We first came across Geographer in 2011 with his great cover of New Order’s “Age of Consent.” Seven years later, he’s blossomed into a killer electropop producer, singer, and songwriter. His new EP Alone Time finds him pushing his pop instincts to their limit, on five insanely catchy dance jams that would work equally well in a club or on headphones. Here’s a sample, new single “Read My Mind”:

Geographer main man Mike Deni told PopMatters “Musically, [the EP] represents an obsession with pop music that went to its furthest reaches and boomeranged back again into making not just lyrics, but sounds, that matter.” On the five covers he picked out for us, though, he dug beyond that pop music obsession into his songwriter roots, picking classic performances by the likes of Jeff Buckley and Harry Nilsson (though fans of his poppier side needn’t worry; by the end he gets to a “karaoke classic”).

He displays the depth of his knowledge here too; a few of his picks are songs a lot of people don’t even realize are covers. So we’ll turn it over to him…

1. Jeff Buckley – Hallelujah (Leonard Cohen cover)


Mike says: “By far my favorite cover song ever recorded.
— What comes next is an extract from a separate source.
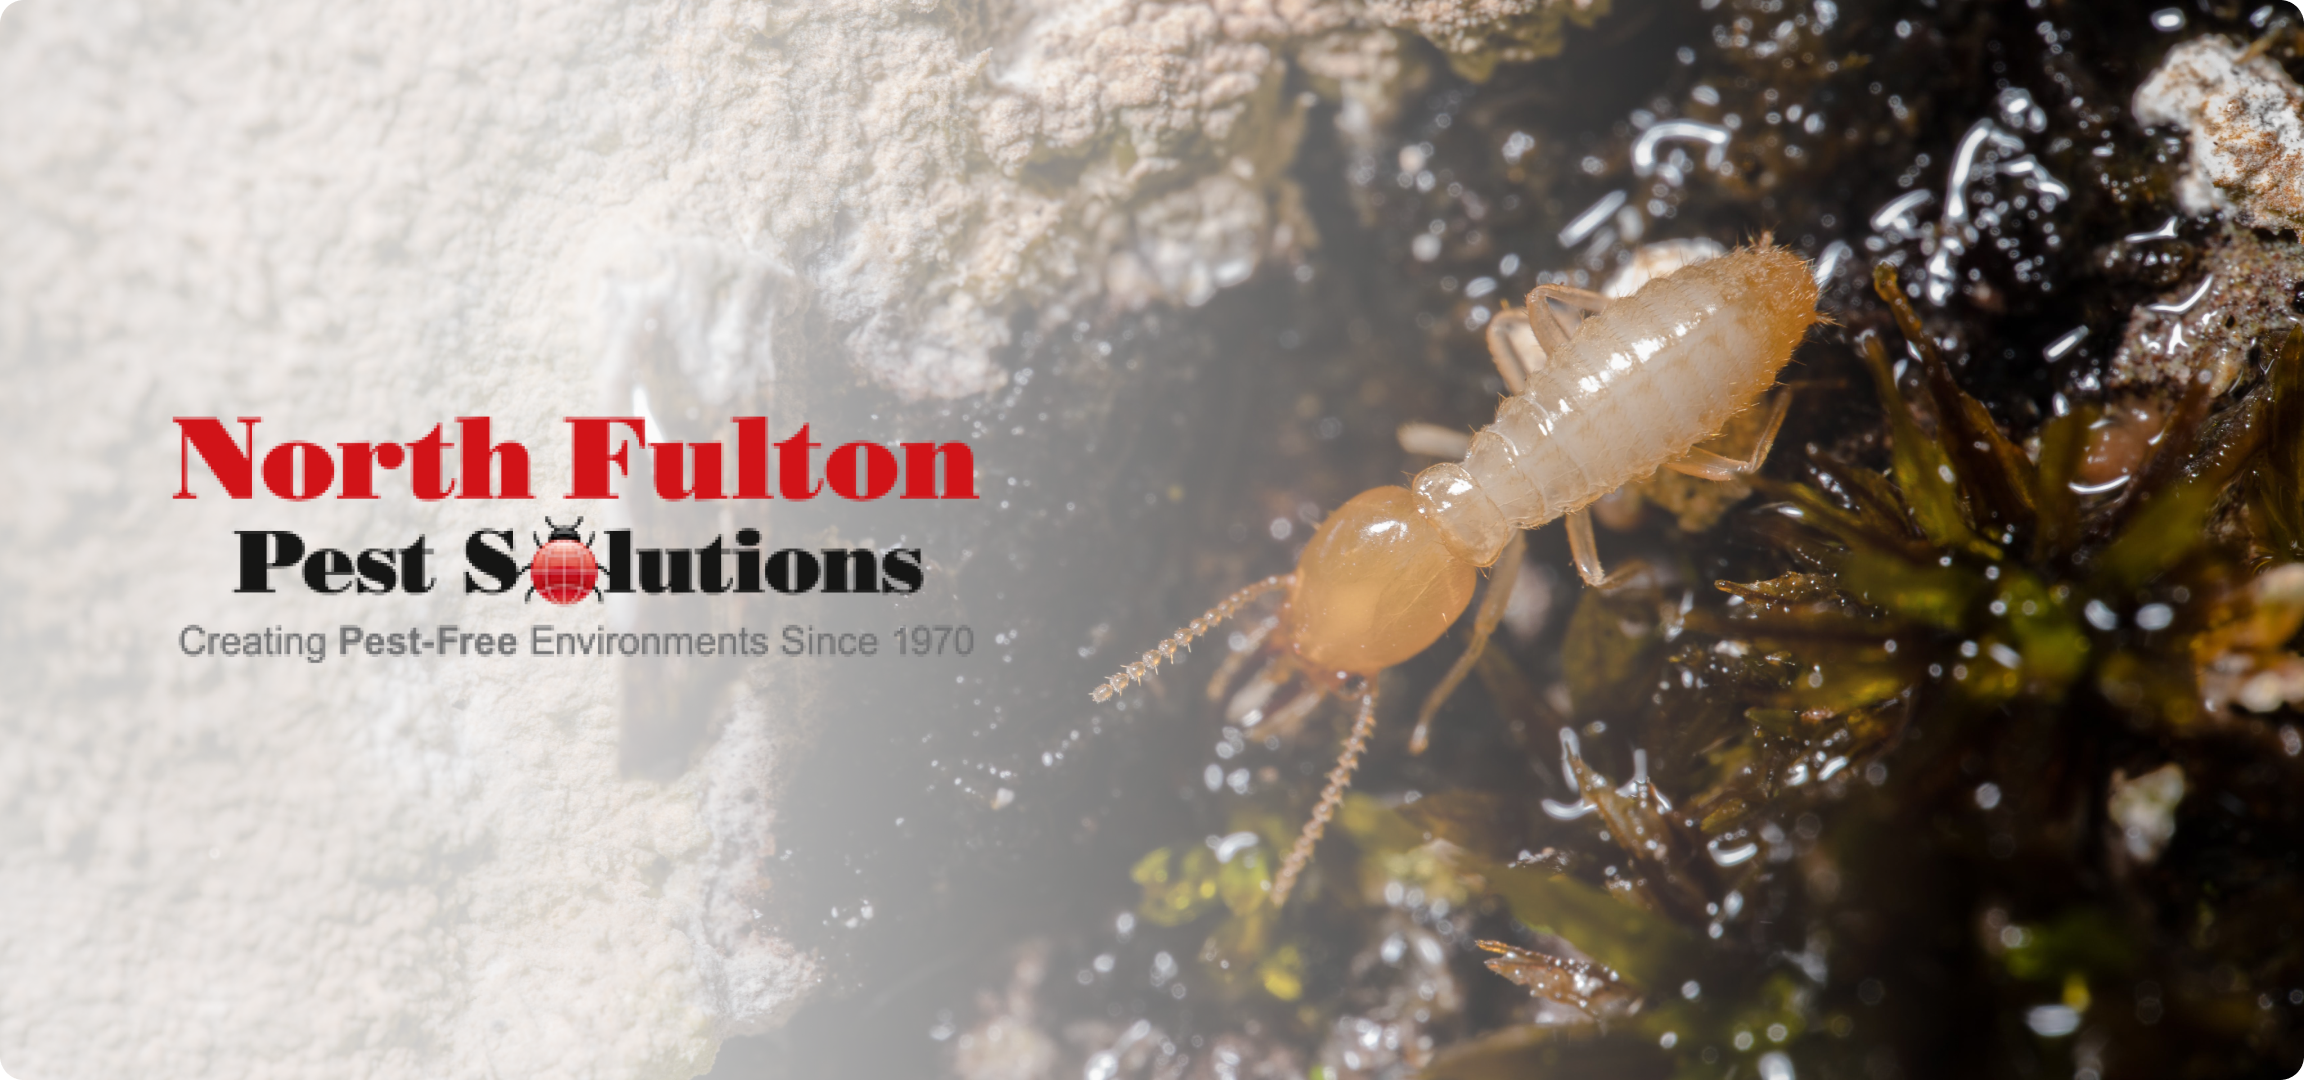 North Fulton Pest Solutions experts conducting a thorough termite inspection at a Kennesaw property.
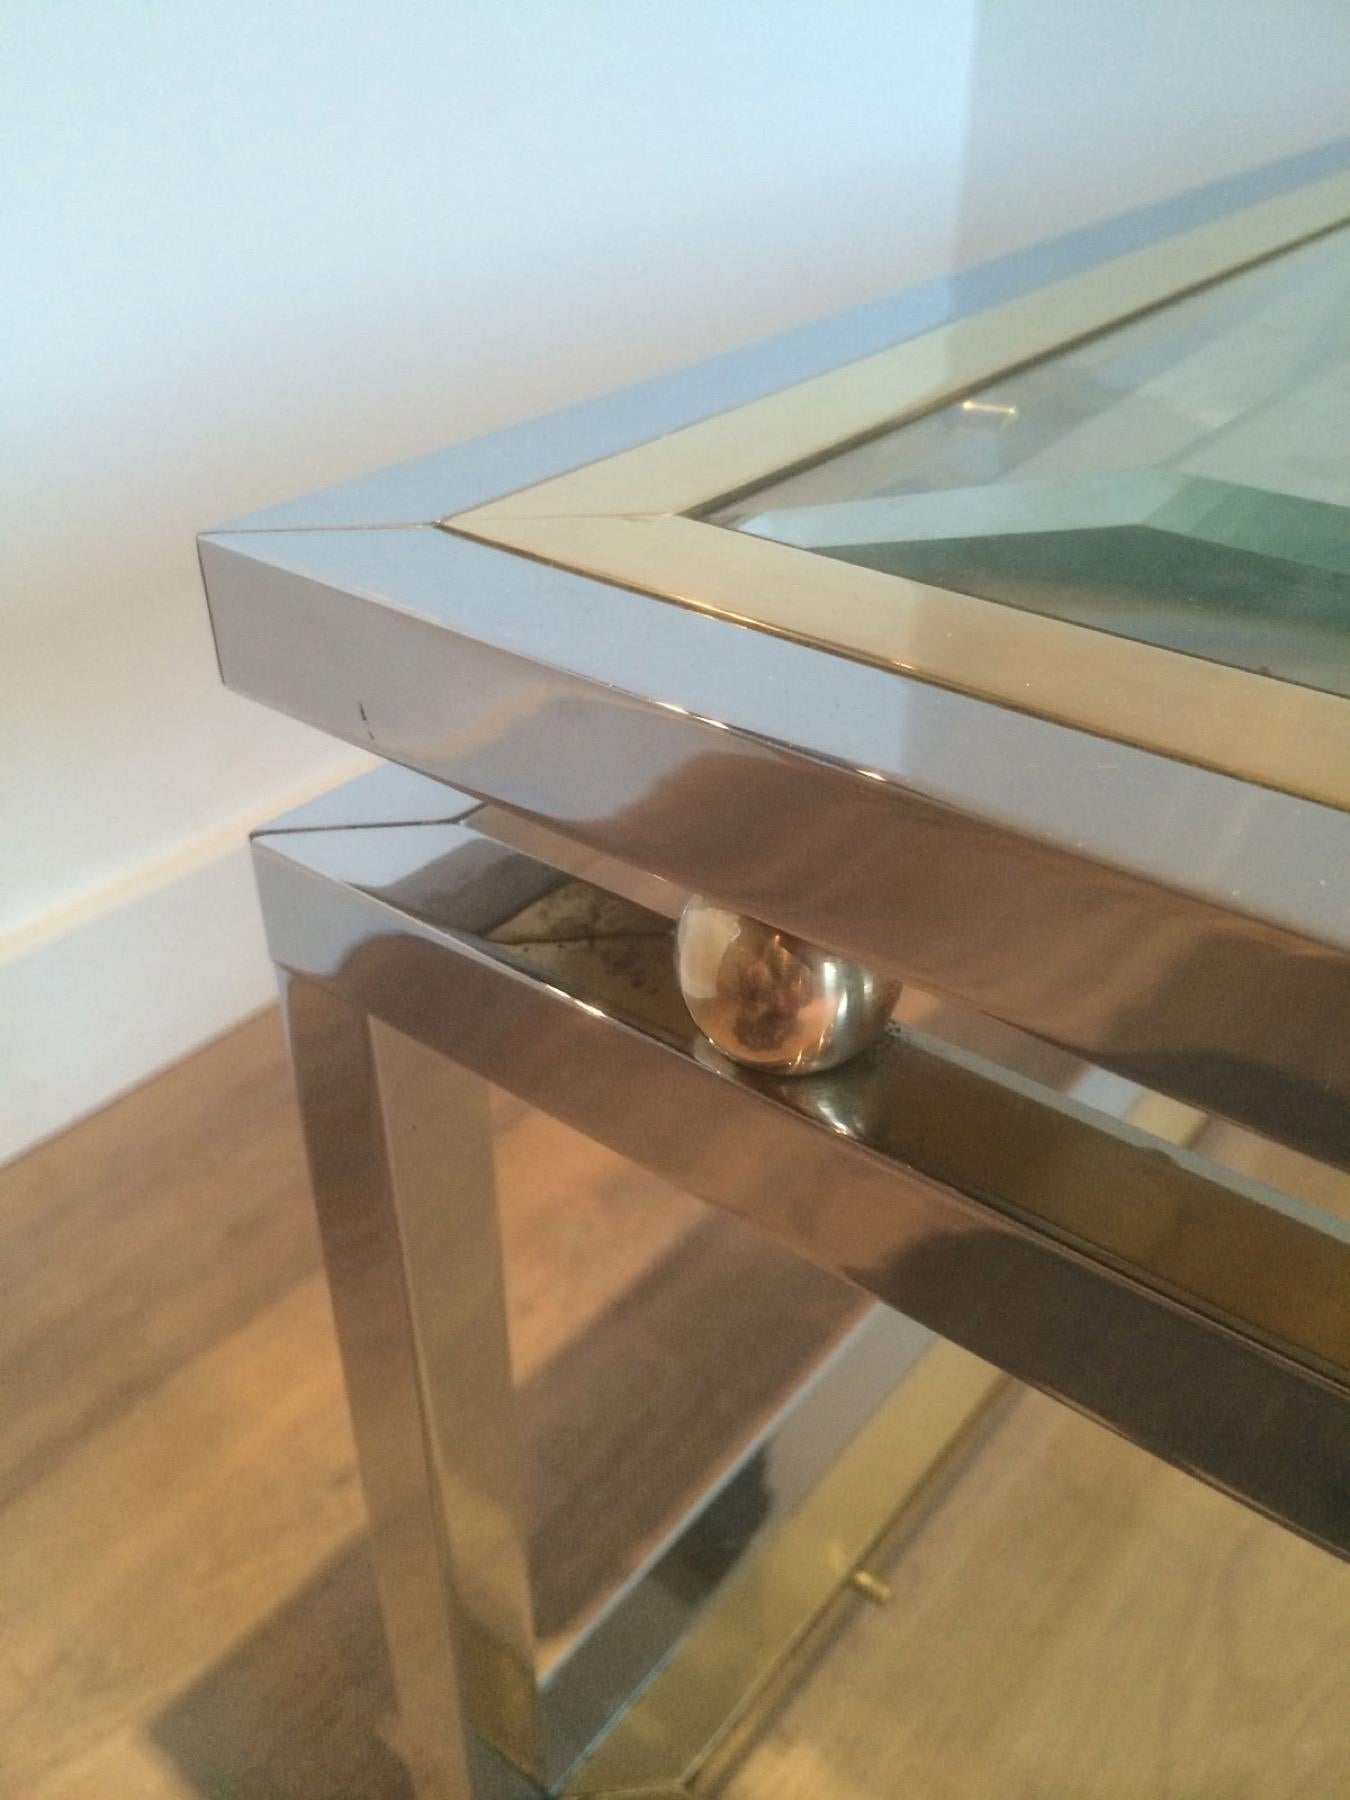 Late 20th Century Chrome and Brass Coffee Table For Sale

Leonard Cohen’s song is heartbreaking and beautiful, but Buckley’s vocal touches, the subtle ways he lifts the song ever so slightly above its mere construction, much in the same way Aretha Franklin would do to a song, turns Cohen’s masterpiece in a work of revelation.”

2. Harry Nilsson – Without You (Badfinger cover)


Mike says: “The greatest cover of all time. So great, in fact, people think it’s the original. Harry Nilsson won a grammy for his vocal performance, and showed the world not only that Badfinger had somehow written a classic, but also that Harry Nilsson was an artist that should be taken seriously.”

3. Nico – These Days (Jackson Browne cover)


Mike says: “I don’t know if you can really call it a cover, since Nico recorded her version first, but it was a song Jackson Browne had written for the Nitty Gritty Dirt Band, that he gave to his then lover Nico to record. Andy Warhol produced the track, and you can hear Jackson’s iconic fingerpicking pattern on the electric guitar. This combined with Tom Wilson’s string and flute arrangement (done without Nico’s consent) and Nico’s haunting, untrained voice, makes this the definitive version, that was never topped, not even by Greg Allman or Jackson Browne himself.”

4. Jack White – Love Is Blindness (U2 cover)


Mike says: “It’s a beautiful song when U2 does it, but with Jack White at his best, his exposed and vulnerable, raw arrangement, brings the song’s true power to the surface. There’s no image or Bono to consider, just the gorgeous, amorphous metaphors that take jabs at the truth of love.”

5. Whitney Houston – I Will Always Love You (Dolly Parton cover)


Mike says: “A karaoke classic, and maybe not your favorite song, but you can’t deny it was a career high for Houston. Very rarely does a cover fit so well into the zeitgeist of two completely different eras, let alone define two singers’ careers, but that’s just a testament to Parton’s gorgeous and simple songwriting that transcended both genre and time.”